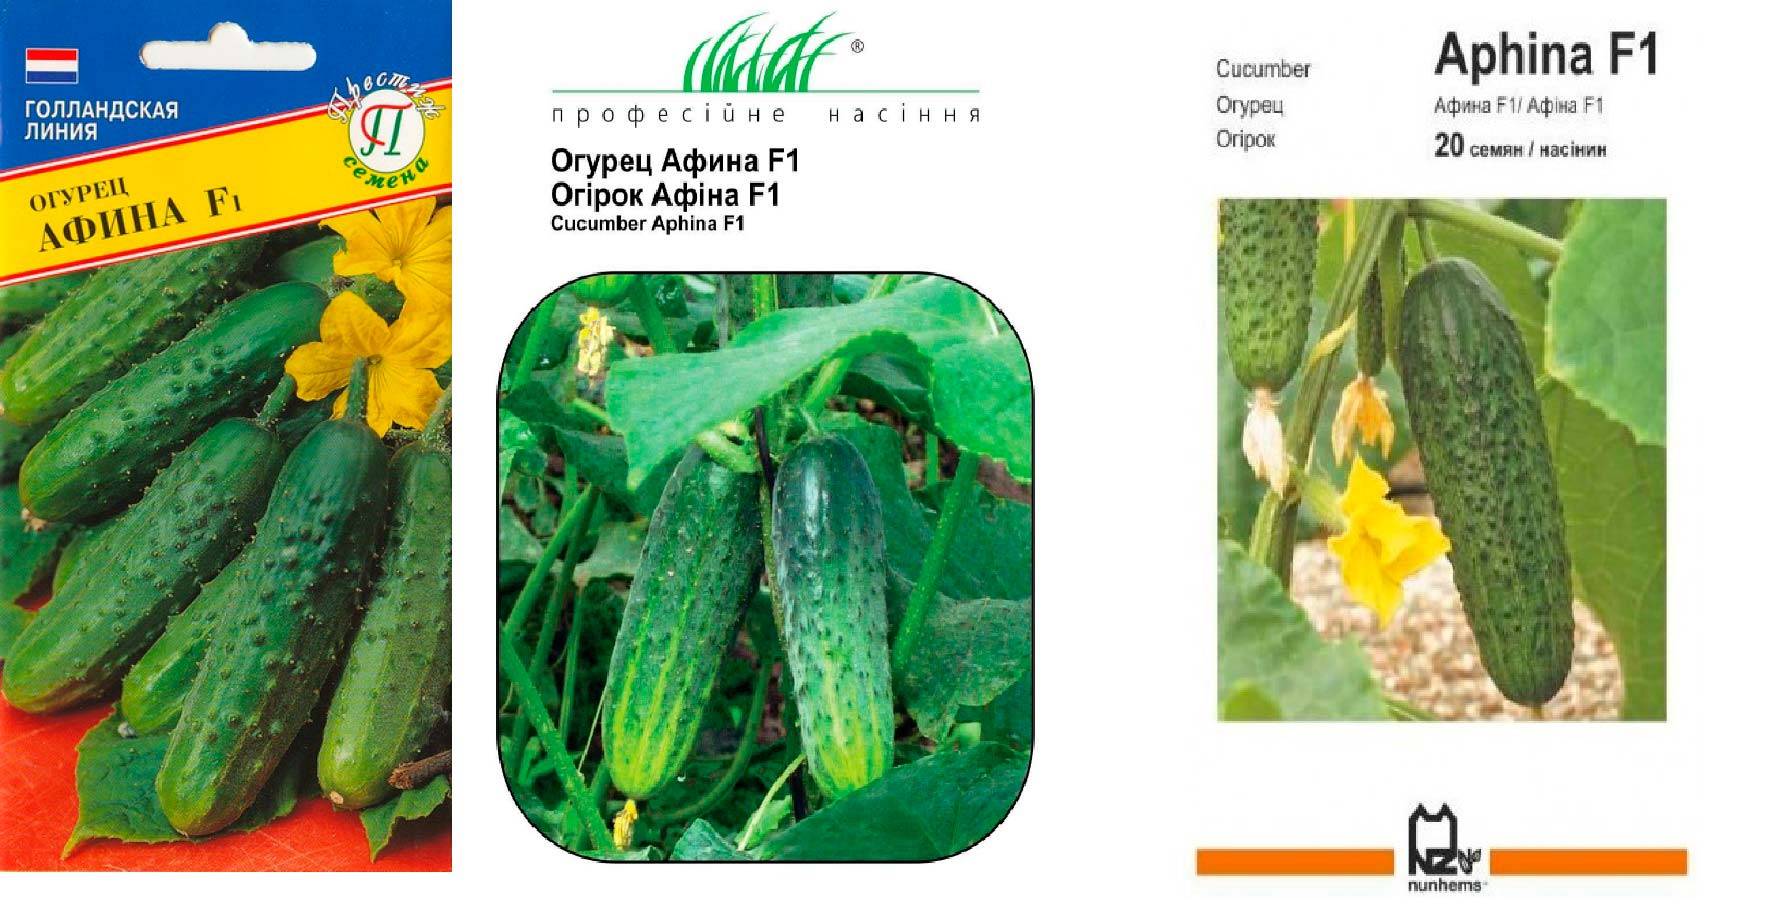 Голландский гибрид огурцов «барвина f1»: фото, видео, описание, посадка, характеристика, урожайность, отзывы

—————

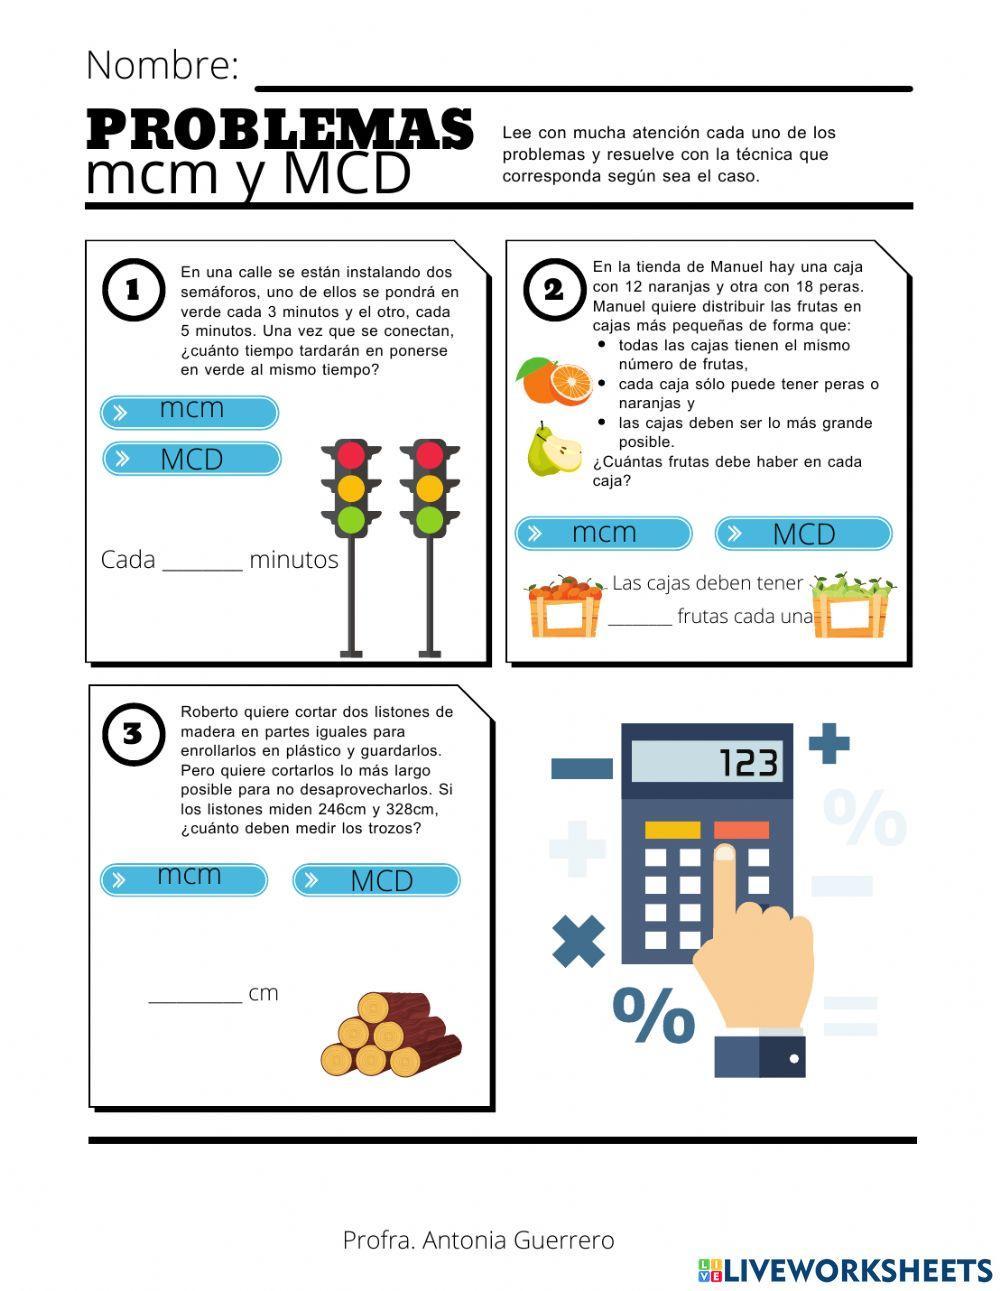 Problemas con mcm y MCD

—————

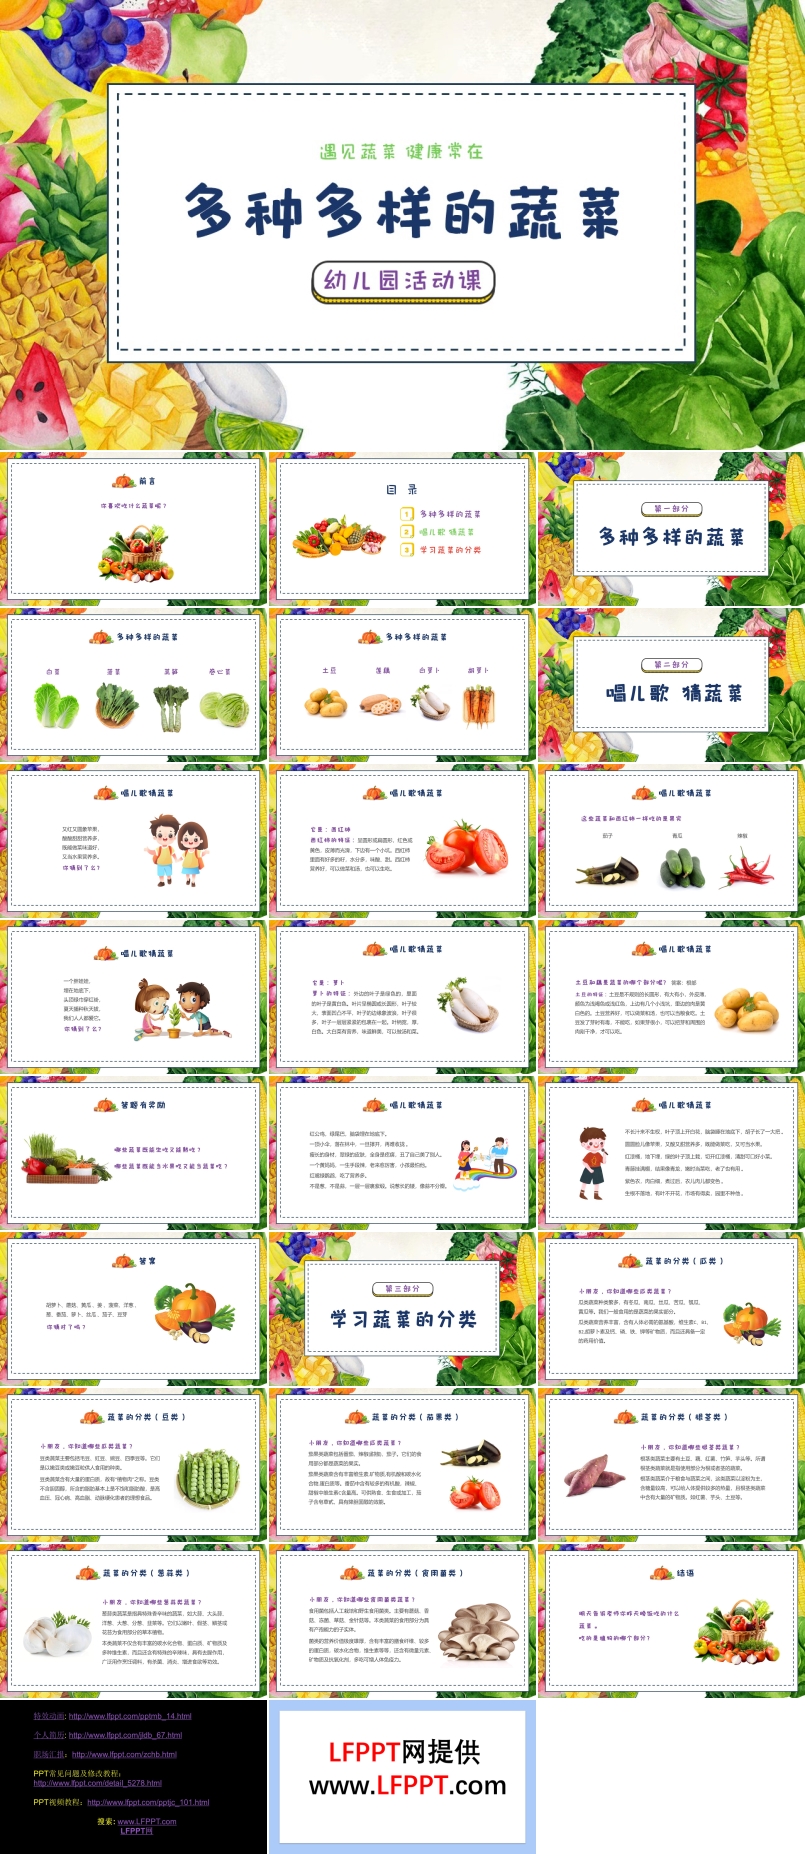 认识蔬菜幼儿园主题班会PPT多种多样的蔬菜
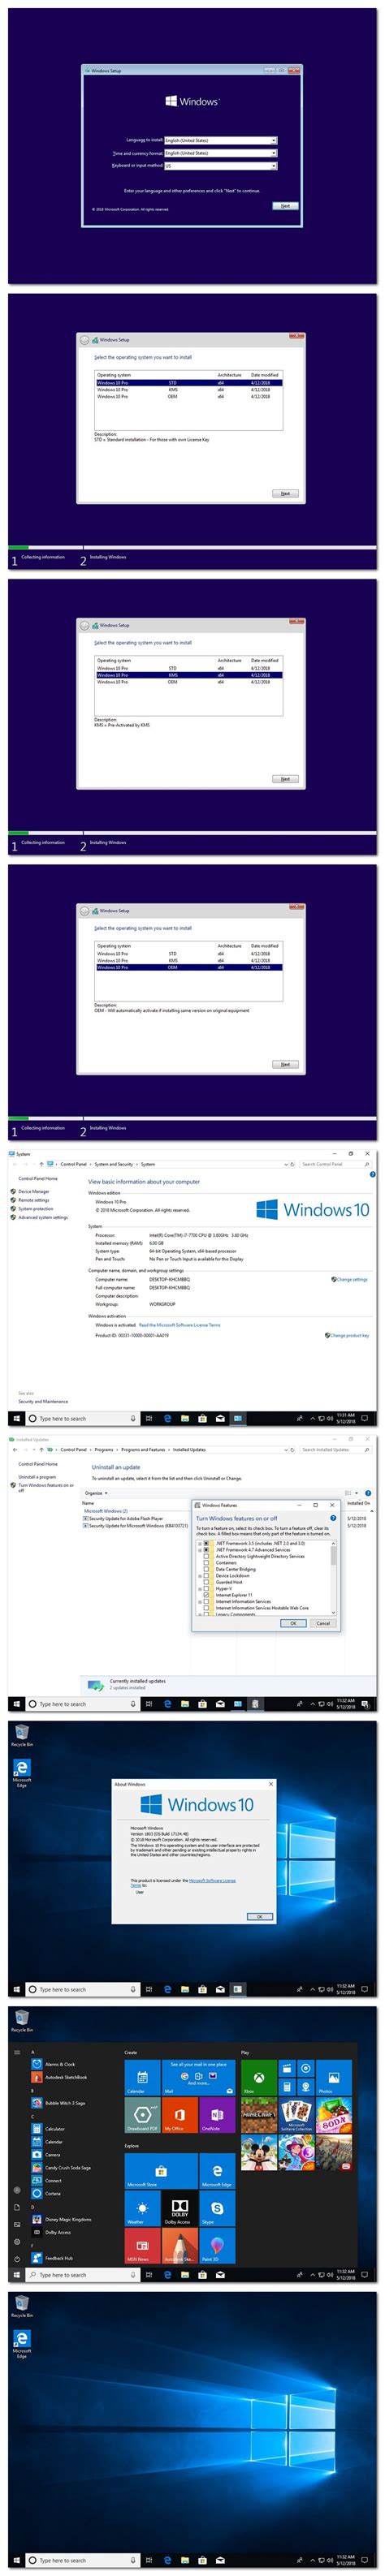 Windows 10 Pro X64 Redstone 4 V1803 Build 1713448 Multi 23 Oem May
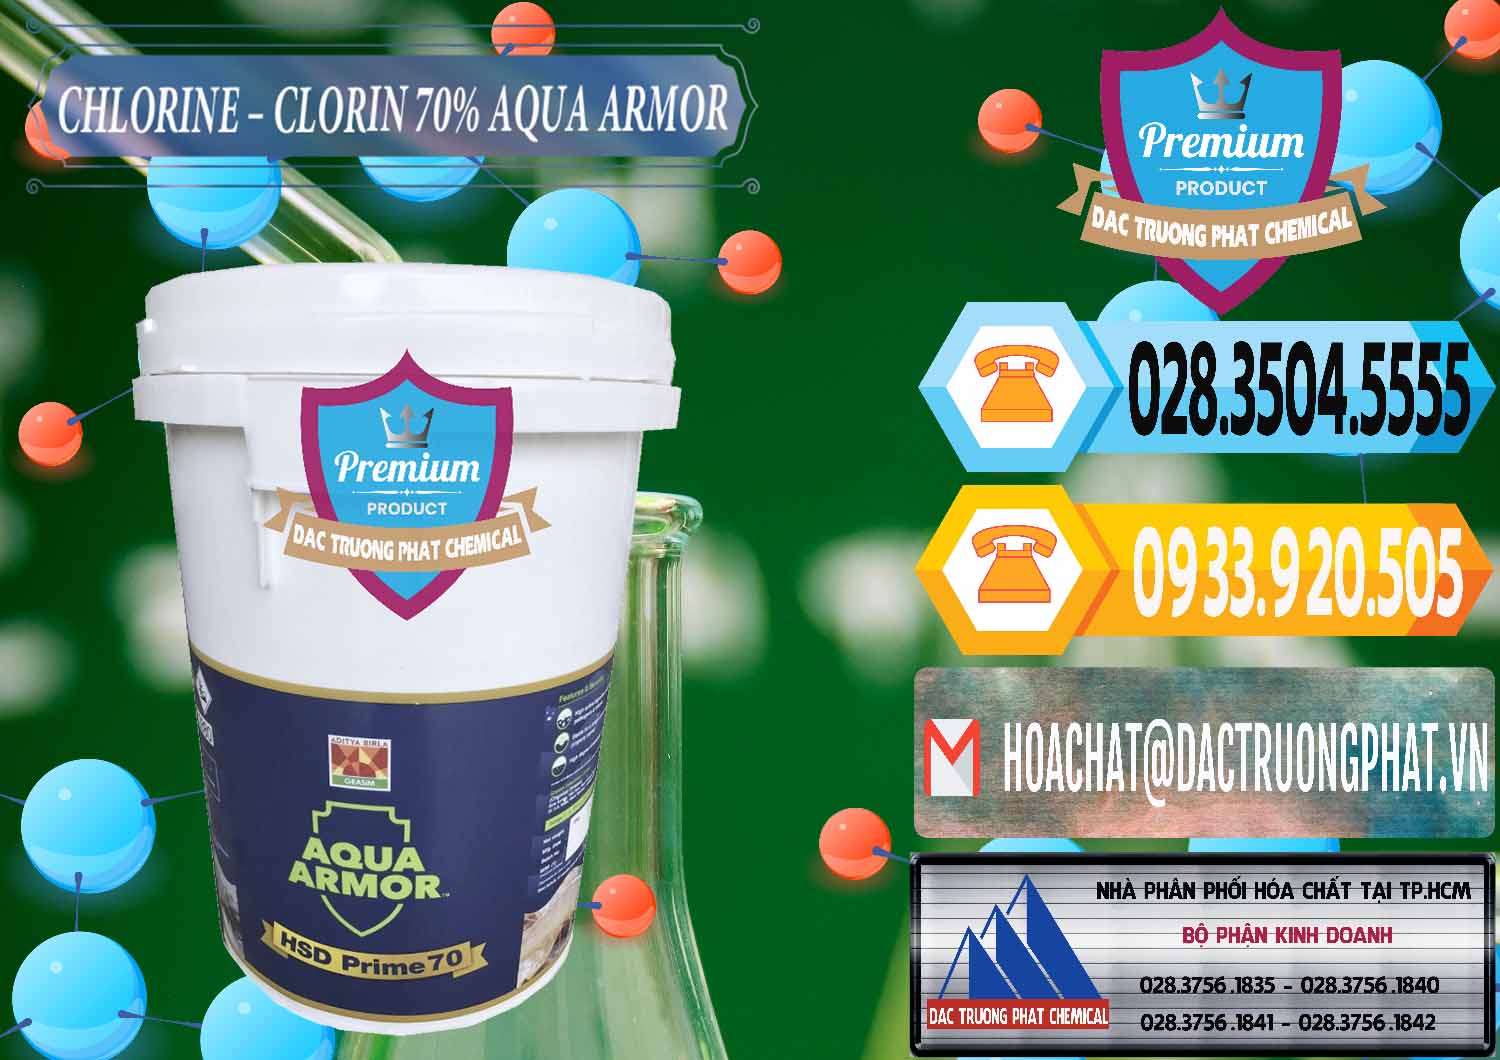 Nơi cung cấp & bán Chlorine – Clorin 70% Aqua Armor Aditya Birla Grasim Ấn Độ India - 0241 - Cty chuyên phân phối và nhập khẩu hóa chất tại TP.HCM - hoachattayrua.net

—————

The task: From the entries above, copy exactly the lines starting at the one with "认识蔬菜幼儿园主题班会PPT多种多样的蔬菜" and stopping at the one with "Nơi cung cấp", keeping both ends. Drop the pictures.

Solution to this problem:
 认识蔬菜幼儿园主题班会PPT多种多样的蔬菜
 Windows 10 Pro X64 Redstone 4 V1803 Build 1713448 Multi 23 Oem May
 Nơi cung cấp & bán Chlorine – Clorin 70% Aqua Armor Aditya Birla Grasim Ấn Độ India - 0241 - Cty chuyên phân phối và nhập khẩu hóa chất tại TP.HCM - hoachattayrua.net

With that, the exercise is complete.